## How to complete this task
From the listing that follows, reproduce only the lines from the one holding "Carhartt Cotton Hooded Sweatshirt - Military" through the one holding "ISRAEL 2013 VULTURE", both included, with no pictures.

## Data supplied
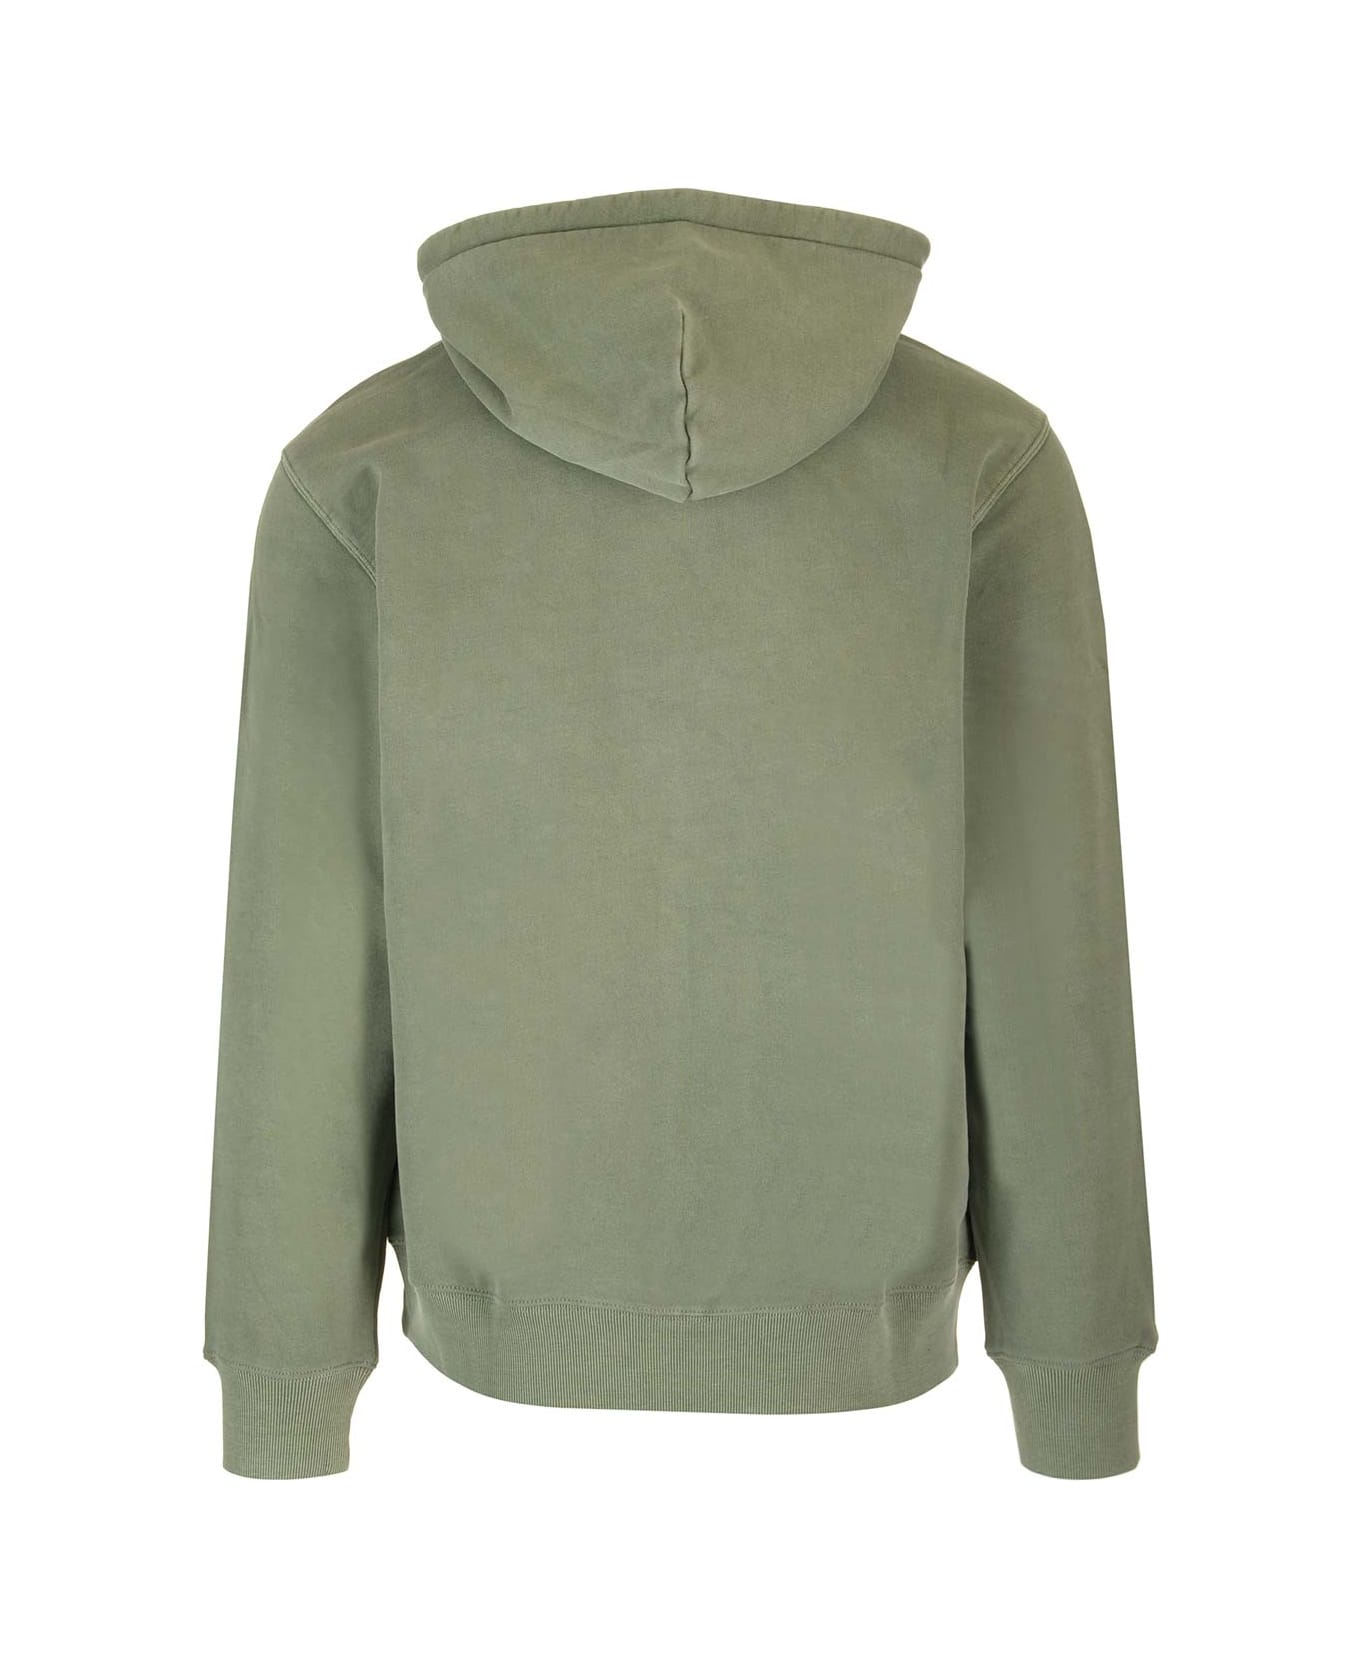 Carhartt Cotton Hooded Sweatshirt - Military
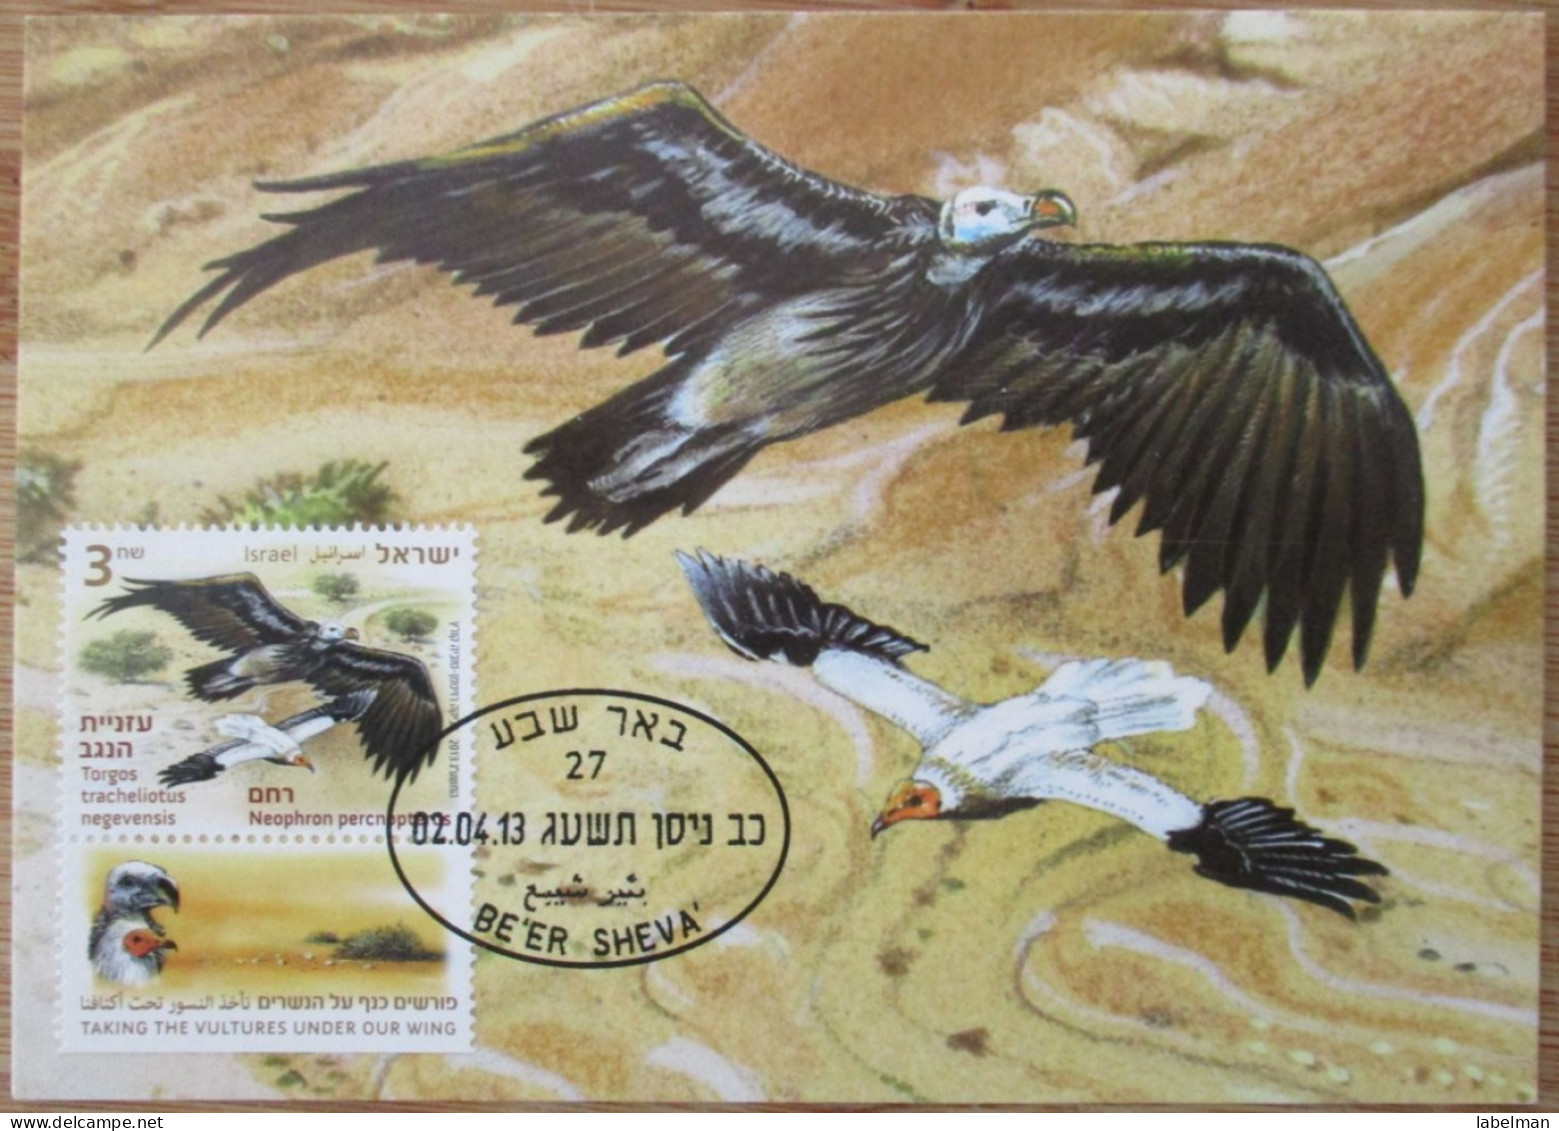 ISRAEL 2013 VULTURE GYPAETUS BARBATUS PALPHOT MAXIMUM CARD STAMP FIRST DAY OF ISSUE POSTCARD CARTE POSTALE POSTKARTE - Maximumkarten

==

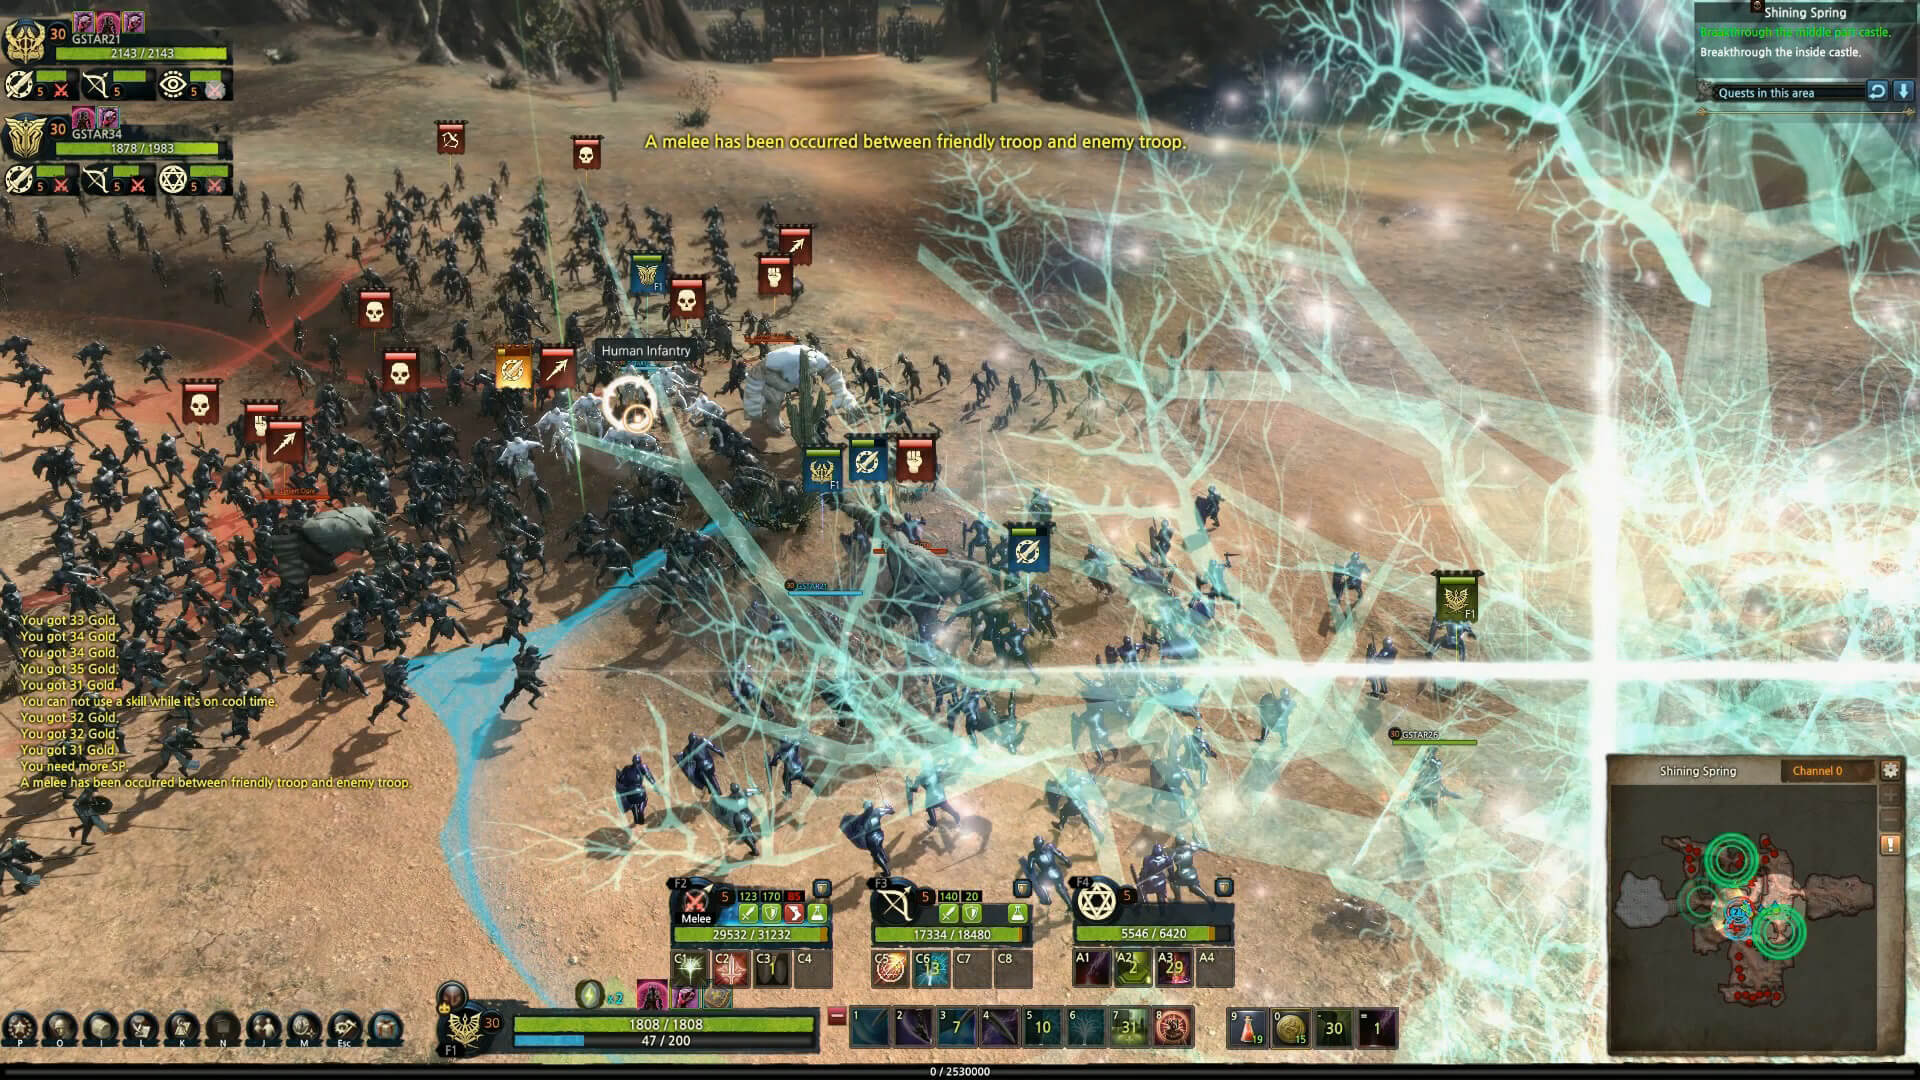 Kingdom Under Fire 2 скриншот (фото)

## Answer to the problem
 Carhartt Cotton Hooded Sweatshirt - Military
 ISRAEL 2013 VULTURE GYPAETUS BARBATUS PALPHOT MAXIMUM CARD STAMP FIRST DAY OF ISSUE POSTCARD CARTE POSTALE POSTKARTE - Maximumkarten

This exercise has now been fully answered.